Penerapan Konsep Ekoteologi
Nasaruddin Umar menjelaskan bahwa ancaman perubahan iklim dan bencana ekologis dipicu oleh cara pandang manusia yang mengeksploitasi alam. Karena itu, Kementerian Agama terus mendorong program ekoteologi agar ajaran agama menjadi landasan moral dalam menjaga lingkungan.
Ia meminta para tokoh agama dapat menjadi contoh nyata bagi masyarakat dalam menumbuhkan kesadaran ekologis demi mencegah kerusakan bumi yang lebih parah.
“Apapun agama kita di sini, saya mohon betul, mari kita mencintai lingkungan kita. Sebab kita tidak tahu, kalau alam ini hanya diperlakukan sebagai objek, kiamat akan datang lebih awal,” tegas Menag.
Selain hubungan dengan alam, Menag mengingatkan bahwa keberagaman merupakan takdir Tuhan yang harus disikapi dengan rasa saling menghormati. Pendidikan dan dakwah keagamaan harus difokuskan untuk menyebarkan kasih sayang, bukan permusuhan.
“Jangan sampai kita mengajarkan agama, tetapi mengajarkan kebencian terhadap agama lain. Itu namanya mengajarkan kebalikan agama,” tambahnya.
Toleransi Beragama di Kalsel
Kakanwil Kemenag Kalsel, Muhammad Tambrin, melaporkan bahwa kehidupan umat beragama di Kalimantan Selatan berjalan sangat harmonis dan kondusif.

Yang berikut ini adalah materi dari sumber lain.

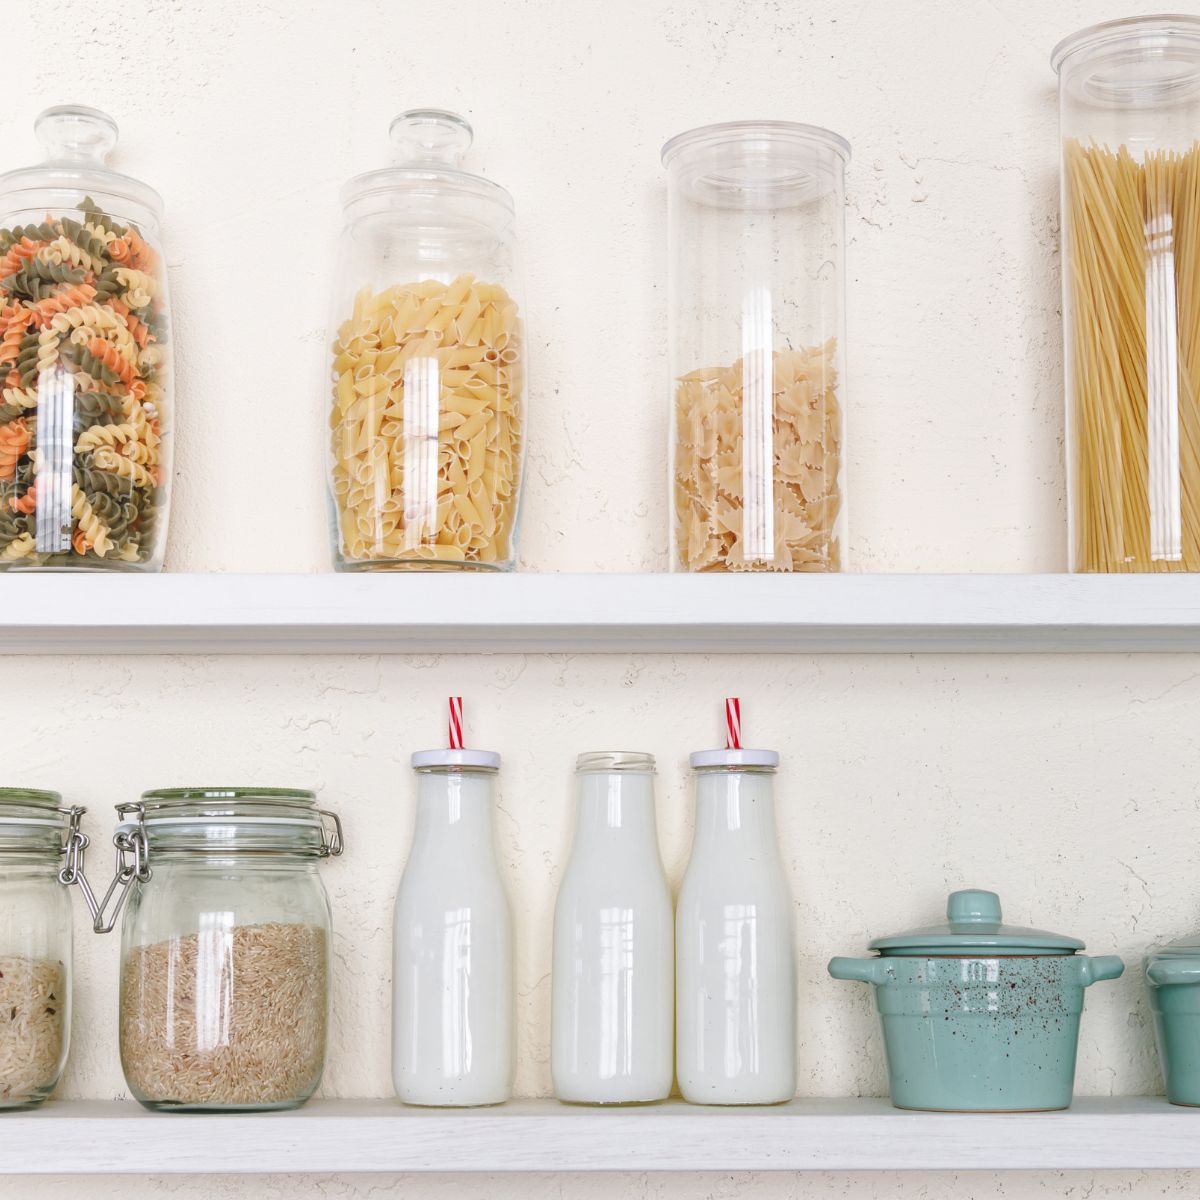 8 Ways to Organize Your Pantry Like a Pro

Kerukunan tersebut terjaga berkat kolaborasi antara pemerintah, pimpinan daerah, serta para tokoh agama.
Saat ini Kalimantan Selatan memiliki 3.530 rumah ibadah yang terdiri dari masjid, gereja, pura, vihara, dan klenteng. Keberagaman fasilitas ibadah ini menjadi bukti nyata tingginya rasa toleransi masyarakat setempat.
“Provinsi Kalimantan Selatan adalah banua yang religius yang menjunjung tinggi toleransi dan kearifan lokal. Alhamdulillah, kehidupan umat beragama di daerah ini berjalan harmonis, aman, dan kondusif,” tutur Tambrin.
Melalui pertemuan ini, seluruh elemen keagamaan di Kalimantan diharapkan makin solid menjaga keseimbangan hidup. Sinergi antara keharmonisan kepada Tuhan, sesama manusia, dan alam semesta menjadi kunci terwujudnya kedamaian yang berkelanjutan.